From China, the center of influence on the crypto market shifted completely to the United States. Another proof of this was last week, when a few words from Fed Chairman Jerome Powell were enough to stop the fall of bitcoin and turn the trend of the crypto market upwards.

BTC/USD dropped to $39,660 on January 10. It has not fallen this low since September 2021. However, then, following the growth of the S&P500, Dow Jones and Nasdaq, it rose to $44,300 on January 12, and the total capitalization of the crypto market exceeded the psychologically important level of $2 trillion once again, reaching $2.091 trillion. But the Crypto Fear & Greed Index did not get out of the Extreme Fear zone, although it rose from 15 to 21 points.

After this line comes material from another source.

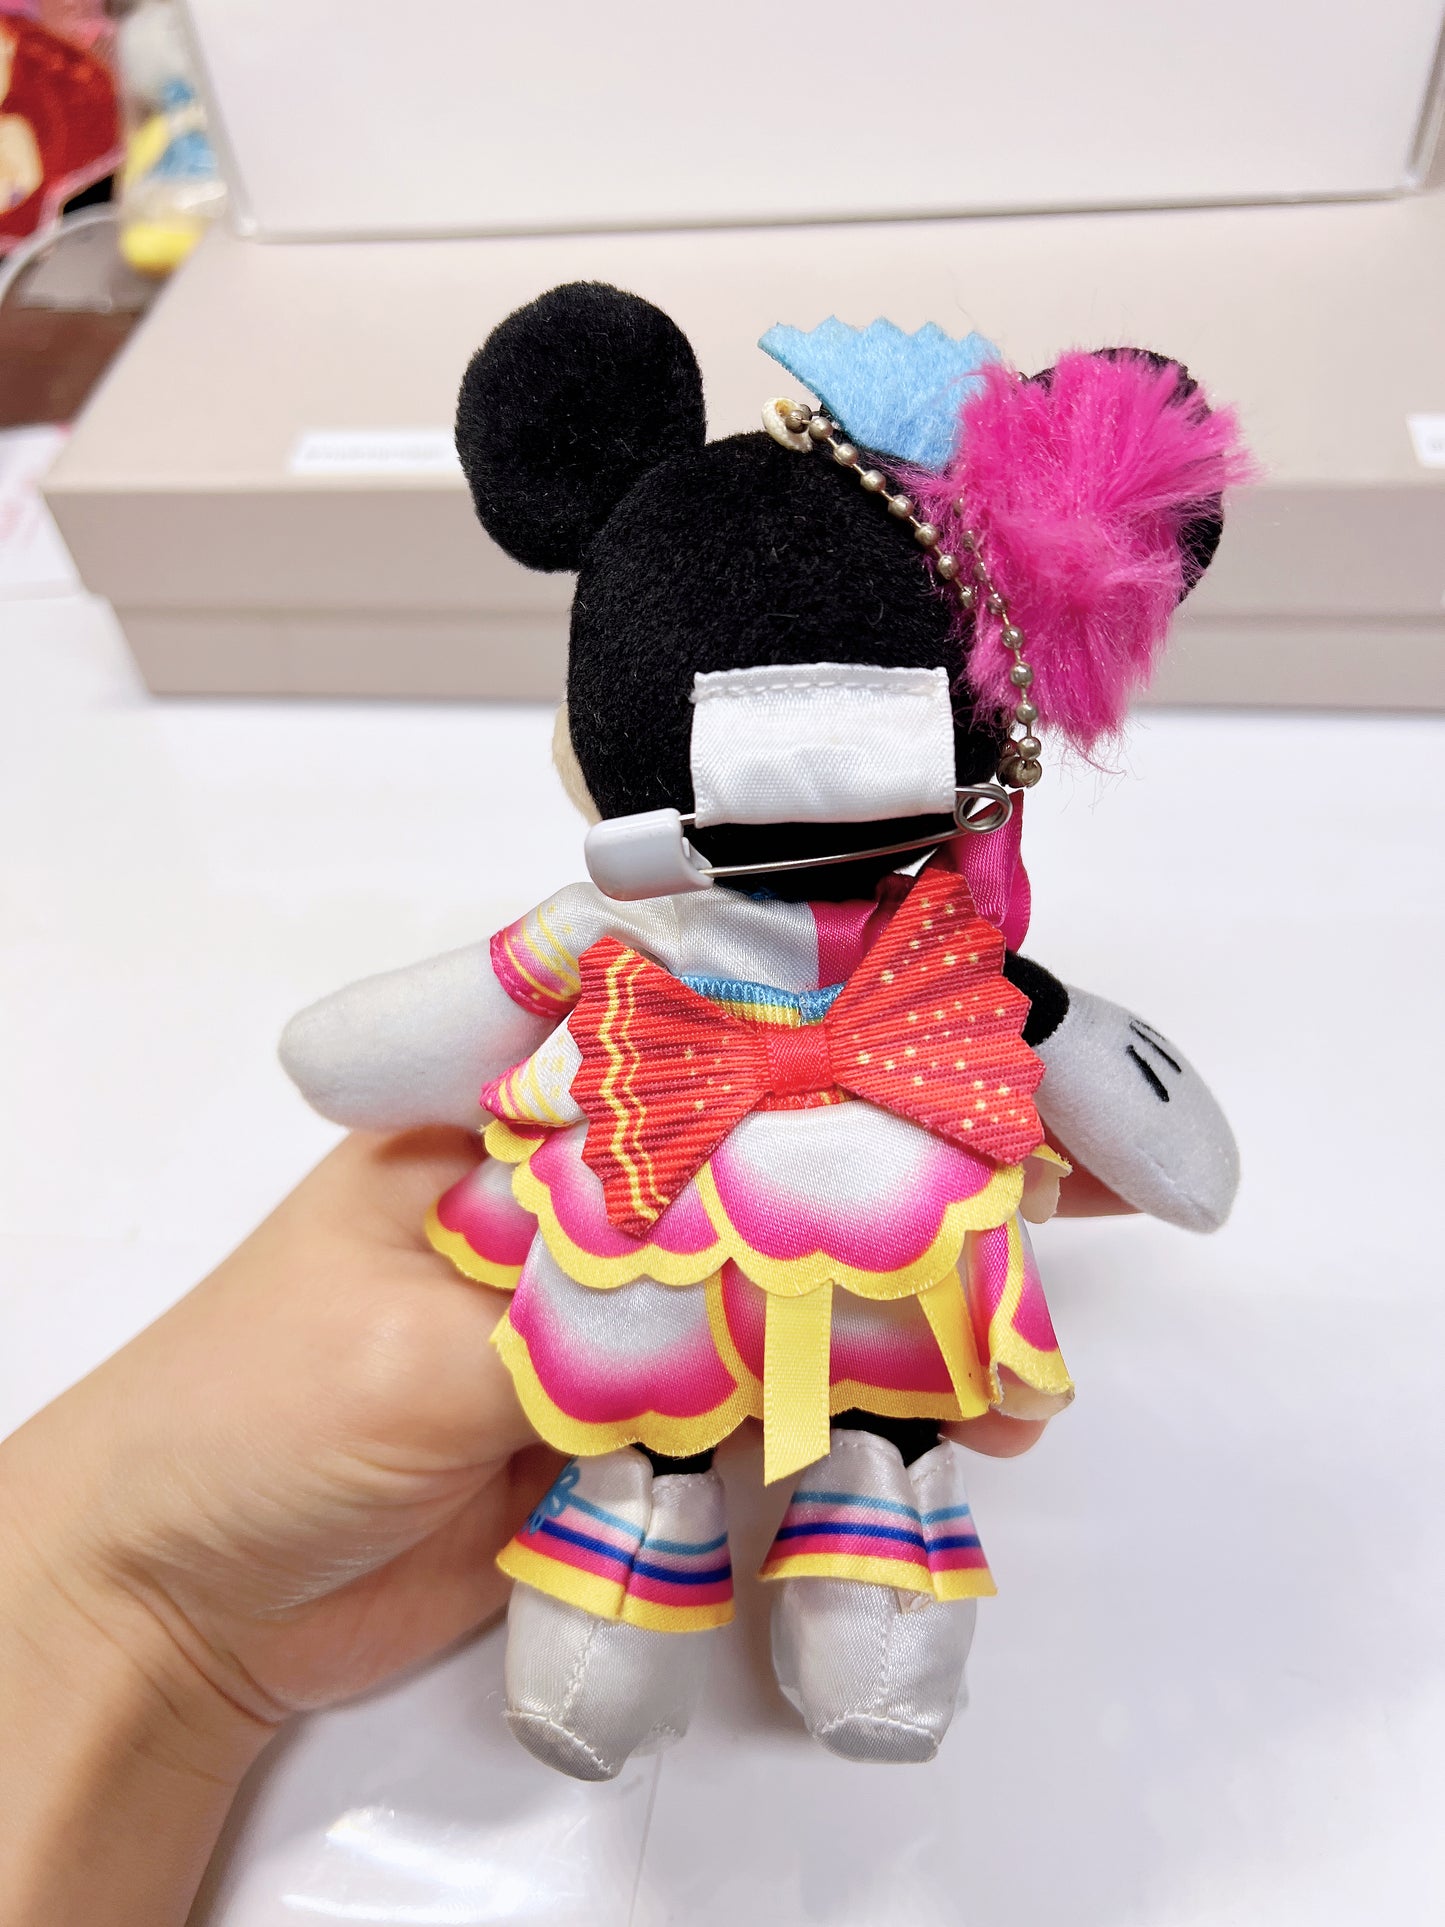 2016 Disney Tokyo Resort flower dress Minnie plush badge keychain Preowned in excellent condition available on hand
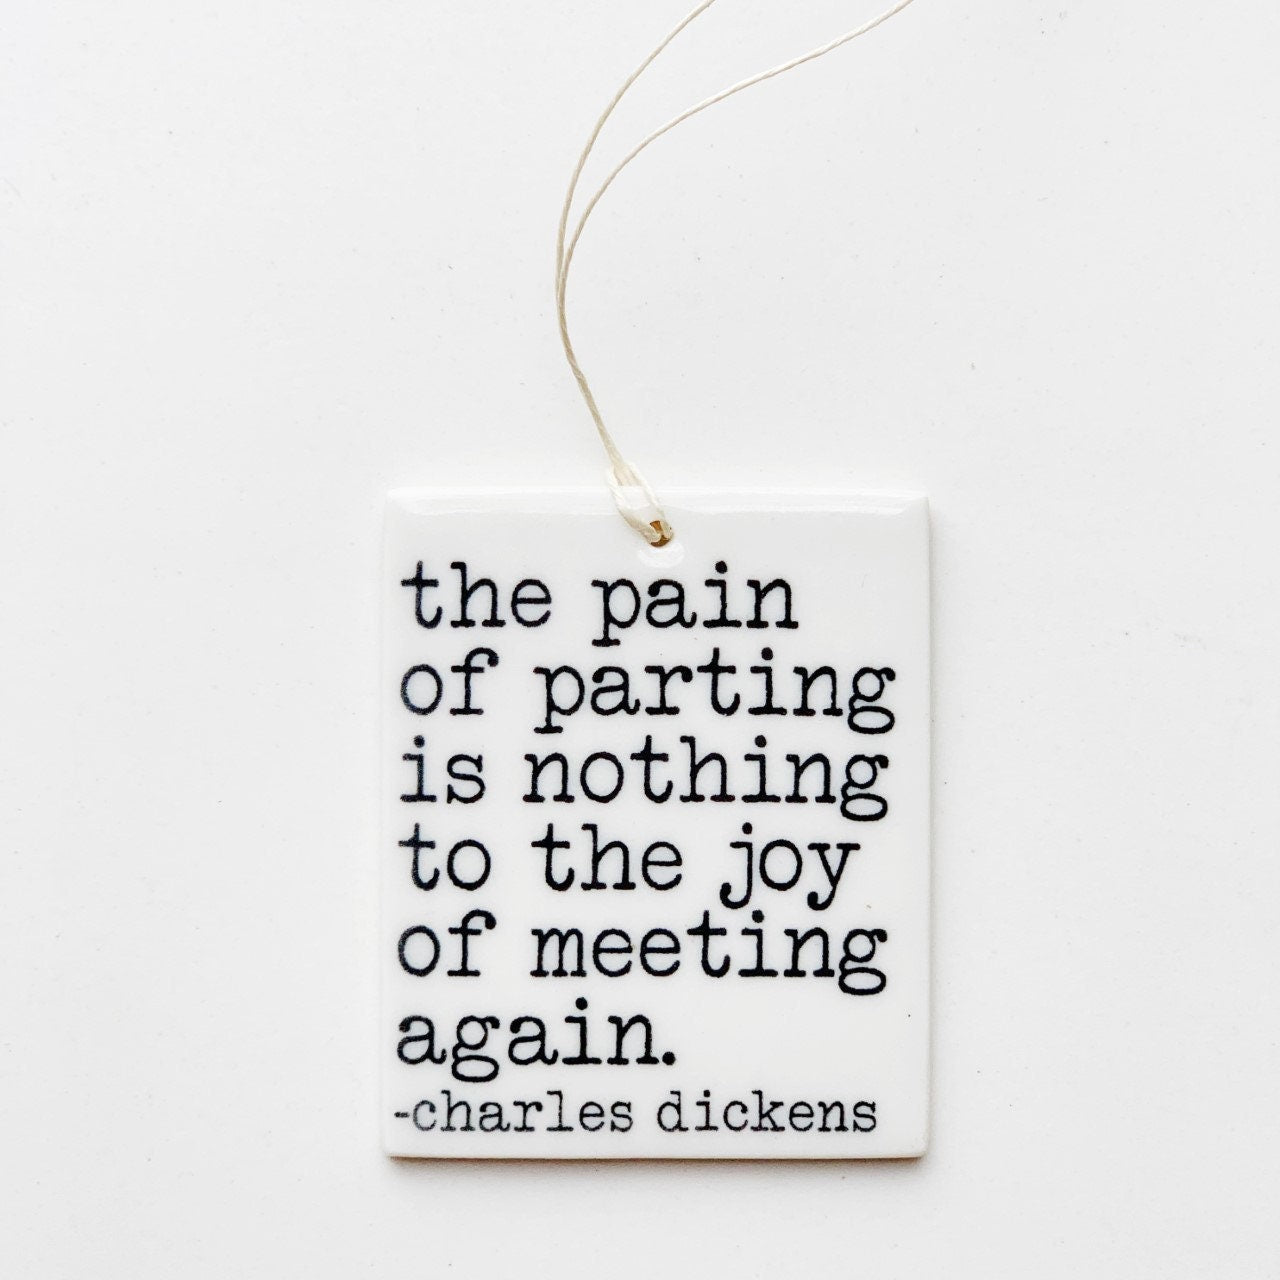 charles dickens quote ceramic wall tag

It is clear that it is too early to talk about the beginning of a new rally in the crypto market. The BTC/USD pair is 35% below its all-time high, and the total capitalization is still very far from the almost $3 trillion that it reached on November 10, 2021. And, if the dollar starts to gain strength again, we can expect digital assets to return to a downward trend.

Of course, crypto enthusiasts predict as usual that top coins will soon rise to new heights. Changpeng Zhao, CEO of the Binance crypto exchange, claims in an article for Fortune that global adoption of cryptocurrencies will jump from the current 5% to 20% in 2022.  

However, some experts consider such sentiments to be too optimistic. Bitcoin may return to growth only after its price drops to $28,000-30,000. “The flows of liquidity to the markets will decrease in the second half of 2022.

Gold

Gold closed lower on Friday. The low-range close sets the stage for a steady to lower opening when Tuesday’s night session begins trading.

Oil

Hysterical oil buying driven by supply outages and signs the Omicron variant won’t be as disruptive as feared has pushed some crude grades to multi-year highs, suggesting the rally in Brent futures could be sustained a while longer, traders said.

Prices for physical cargoes do not always trade in tandem with oil futures and when differentials widen rapidly and considerably, they can indicate speculators have oversold or overbought futures versus fundamentals.

Brent oil futures have jumped 10% since the start of the year but the physical market is still racing ahead, with differentials for some grades hitting multi-year highs, suggesting a tight market will push the futures rally on.

Crude oil closed higher on Friday as it extended the rally off December’s low. The high-range close sets the stage for a steady to higher opening when Tuesday’s night session begins.

Violent protests in Kazakhstan at the start of the year prompted fears of a prolonged oil outage, which did not materialize, that would have compounded outages elsewhere such as in Libya, Canada and Ecuador. The Libyan and Ecuadorian outages were largely resolved in the past week after taking out close to 1 million barrels per day. read more

At the same time, OPEC and its allies have stuck by their timeline to slowly increase output, despite repeated calls by the United States and elsewhere to go faster. Meanwhile, nuclear talks with Iran, that could also boost supply, appear stalled.

Next Week’s Calendar

As for the economic calendar for the coming week, we can note the release of data on the consumer market of the Eurozone on Monday January 17 and Thursday January 20. The ECB’s statement on monetary policy and the issue of statistics on the US labour market are also expected on Thursday. The head of the ECB, Christine Lagarde, is to speak on Friday, 21 January.